Network of Spiritual Progressives
- Type: Non-profit / NGO
- Fields: money in politics, global poverty, peace in the middle east
- Key people: Rabbi Michael Lerner Sister Joan Chittister Cornel West
- Website: http://spiritualprogressives.org/

= Network of Spiritual Progressives =

The Network of Spiritual Progressives (NSP) is an international political and social justice movement based in the United States that seeks to influence American politics towards more humane, progressive values. The organization also challenges what it perceives as the misuse of religion by political conservatives and the anti-religious attitudes of many liberals. In the international sphere, the NSP seeks to foster inter-religious understanding and work for social justice.

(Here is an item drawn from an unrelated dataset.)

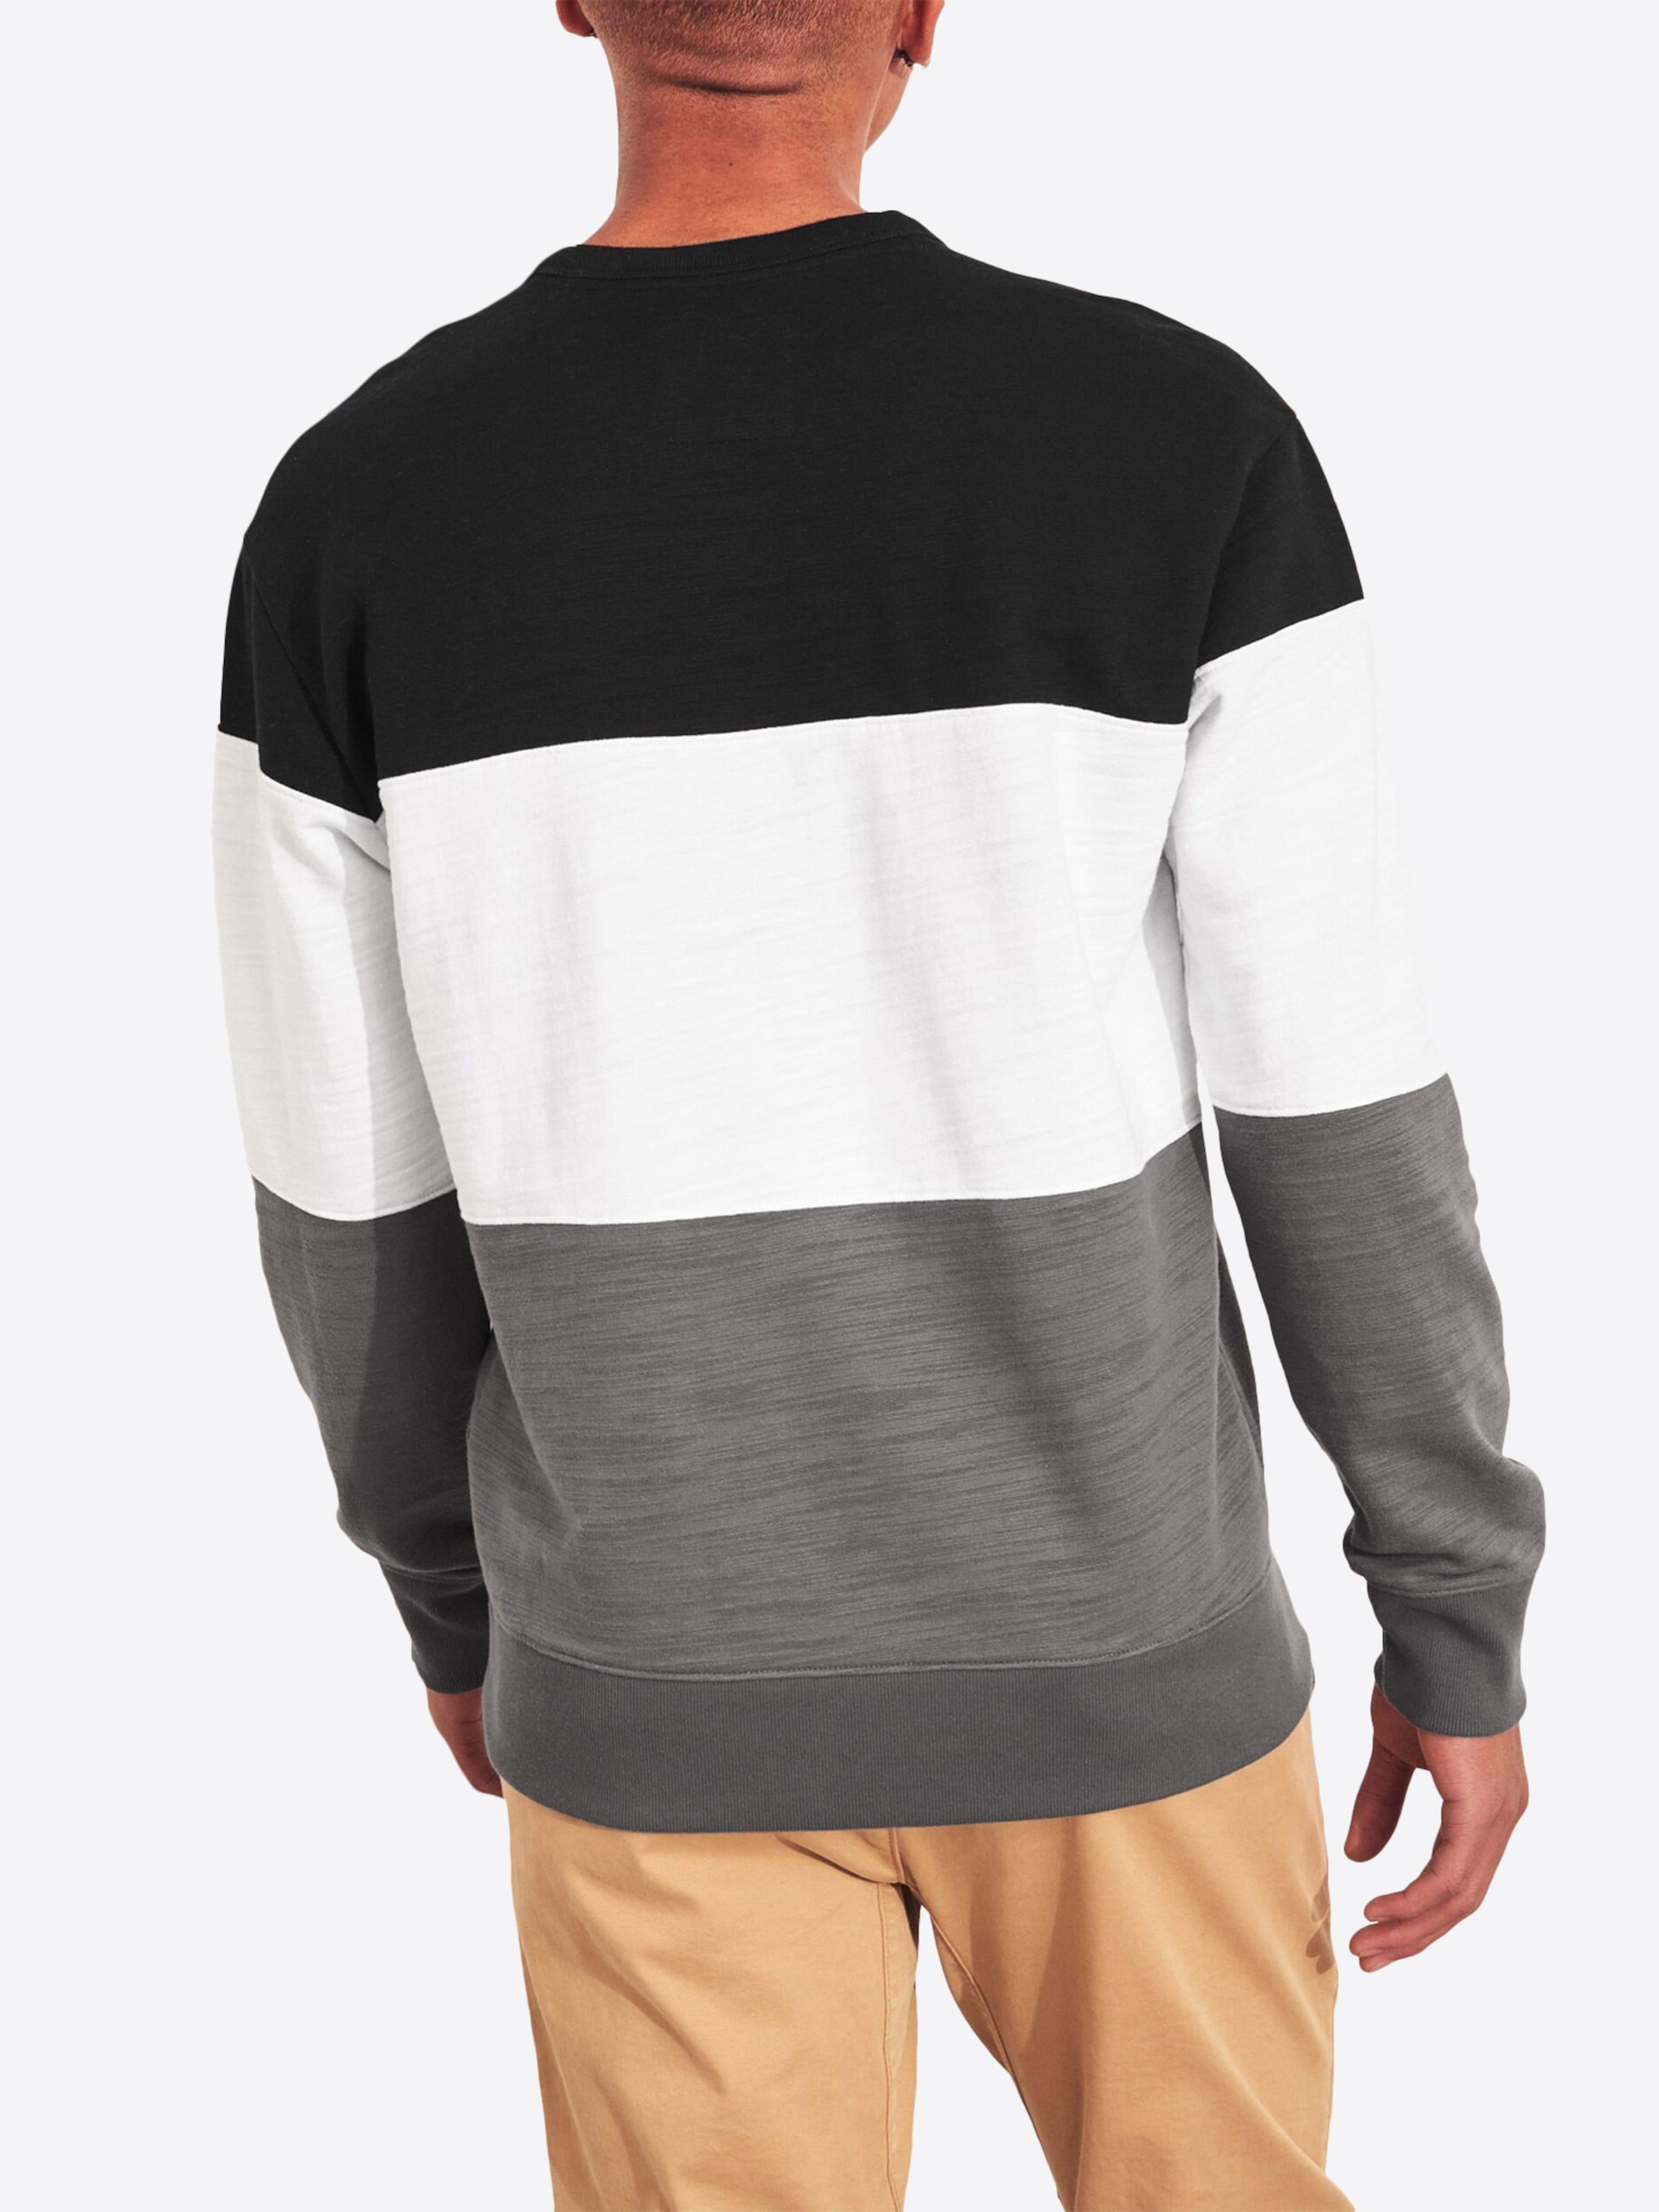 Hollister Sweat shirt Sweat Cappuccino shirt Hollister Cappuccino Sweat En En Hollister thdCsrxQ

The NSP was founded in 2005 by Rabbi Michael Lerner, who served as co-director of the organization with Cornel West and Sister Joan Chittister. Michael Lerner's widow, Cat Zavis, is the current executive director. More than 1,200 activists attended each of the group's conferences in Berkeley, California (July 2005) and Washington, D.C. (May 2006).

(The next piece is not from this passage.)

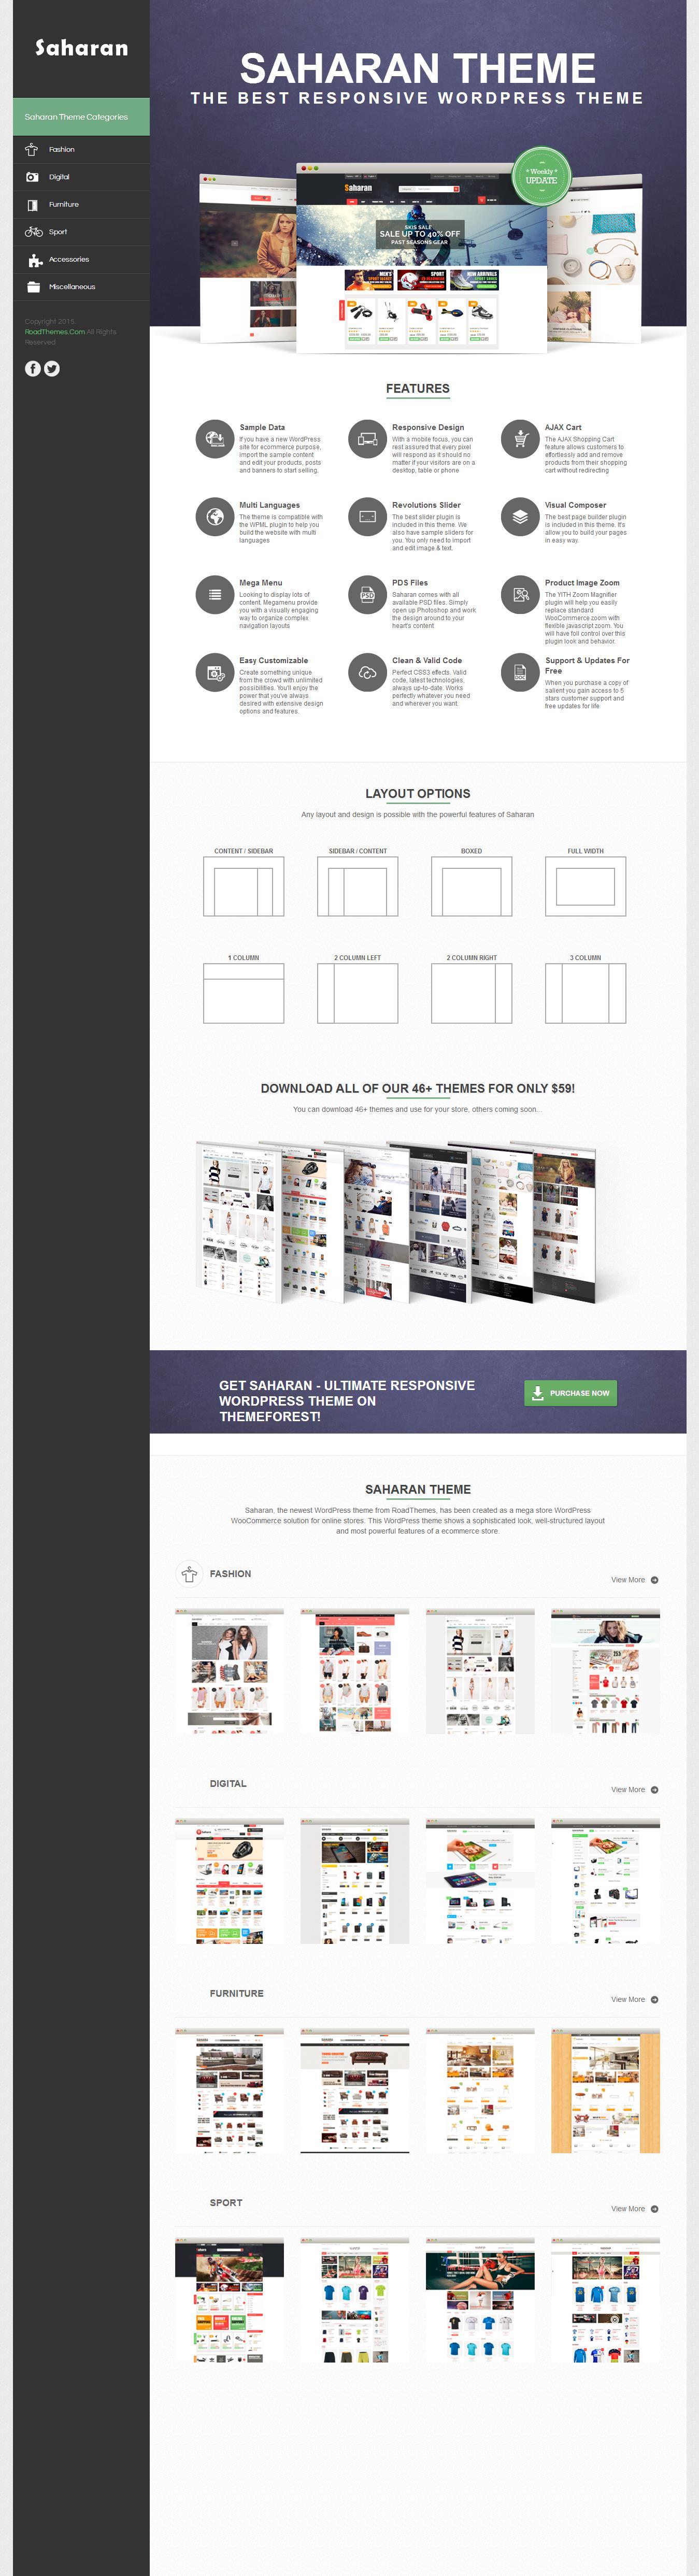 saharan-ultimate-responsive-wordpress-theme-fashion-wordpress-theme-furniture-responsive-wordpress-theme-clothing-responsive-wordpress-theme-sport-wordpress-theme-mobile-store-wordpress-theme

As of December 2007, the NSP had chapters in 31 states as well as Toronto, Ontario, Canada; Melbourne, Australia; and in Costa Rica.

==Basic tenets==
The Network of Spiritual Progressives was founded based on three basic tenets:

- Changing the bottom line in America.
- Challenging the misuse of religion, God and spirit by the Religious Right.
- Challenging the many anti-religious and anti-spiritual assumptions and behaviors that have increasingly become part of the liberal culture.